Emerging Research and Therapeutic Strategies for Castration-Resistant Prostate Cancer

Docetaxel has until recently been the only agent with a small survival benefit for metastatic castration-resistant prostate cancer (CRPC). To improve the clinical outcome in CRPC, numerous classes of drugs targeting specific pathways involved in hormone action, bone metabolism, angiogenesis, apoptosis and immune response have recently been investigated for efficacies either as single agents or in combination with docetaxel. Of note, some novel agents or vaccines including cabazitaxel, sipuleucel-T and abiraterone have received US governmental approval to treat patients with CRPC on the evidence of significant improvement of overall survival in CRPC. From the viewpoint of the complex mechanisms implicated in prostate cancer progression, effective therapeutic strategies should be developed by multifaceted approaches, such as the composition of novel agents targeting key molecules, cytotoxic chemotherapy, and immunotherapy. Recently patented molecules (e.g., N-cadherin, AR splicing variants, PCGEM-1, ELR-CXC chemokine antagonist, dual inhibitor of MET and VEGF) have strong potential as therapeutic options for CRPC. Here, we review the newest evidence of novel agents and patented compounds and methods for the purpose of future use in CRPC.

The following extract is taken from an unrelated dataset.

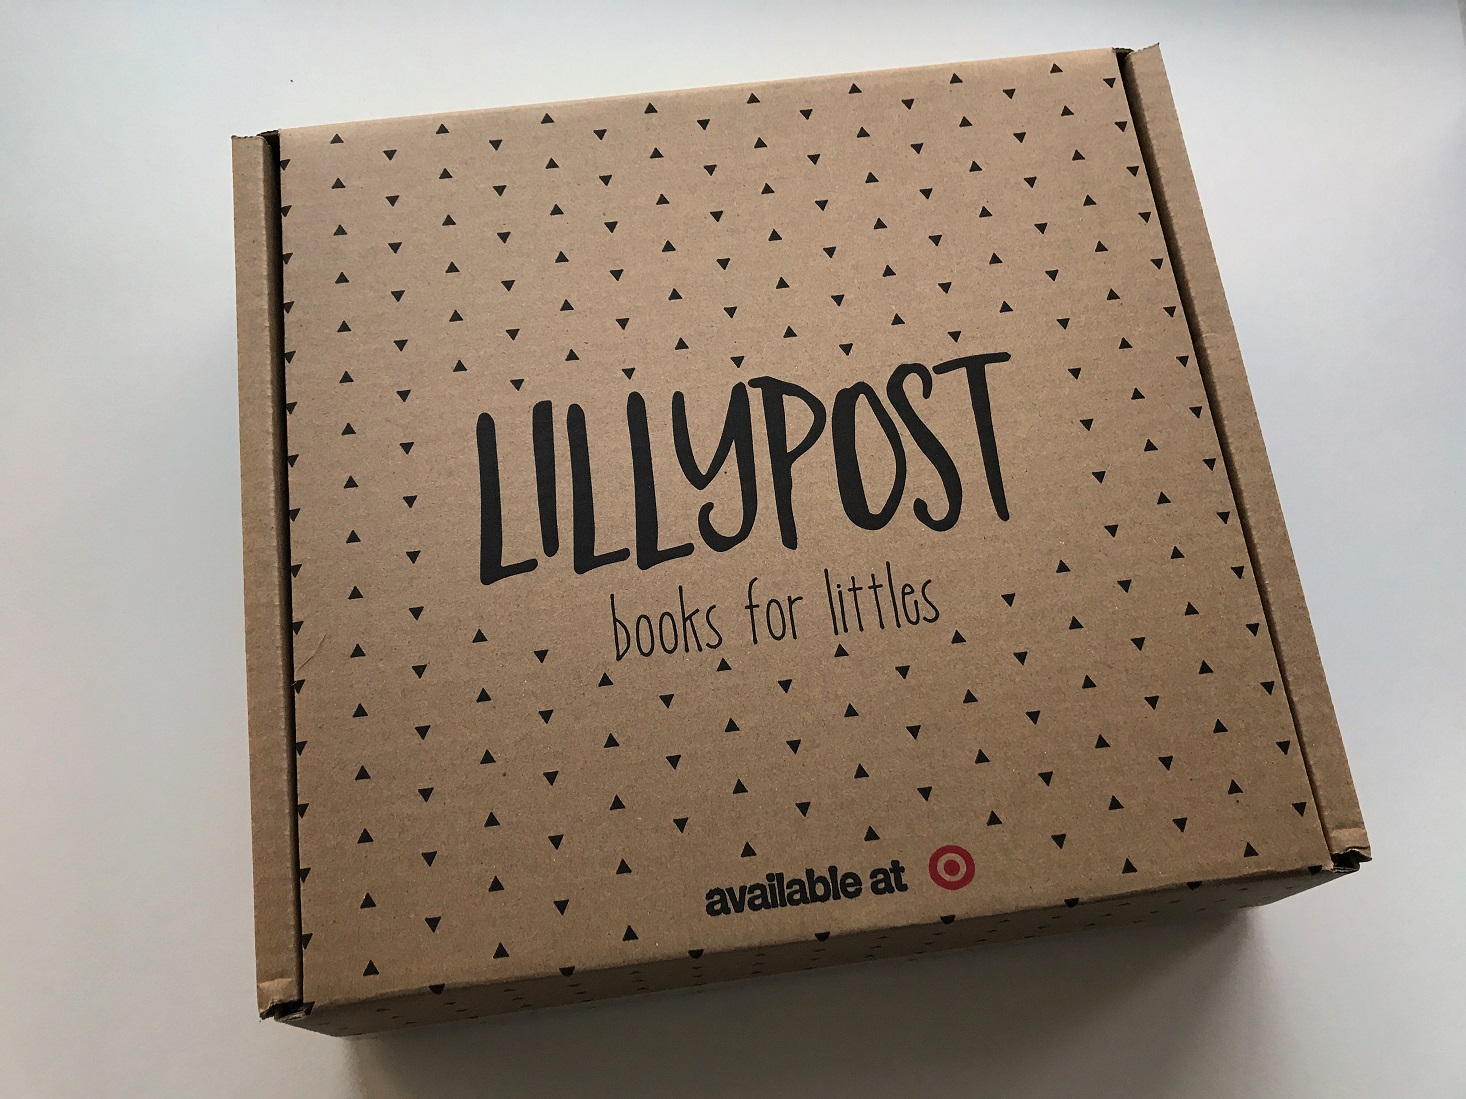 Lillypost Picture Book Box Review + Coupon – December 2017

Keywords: AR splicing variant, angiogenesis, apoptosis, Bag1-L, cabazitaxel, Castration-resistant prostate cancer, caveolin, chroman-derived compounds, CTL-associated antigen-4, docetaxel, dual inhibitor of MET and VEGF, ELR-CXC chemokine antagonist, hyaluronic acid, microenvironment, N-cadherin, novel therapy, patent, PCGEM-1, radium-223-chrolide, target molecule.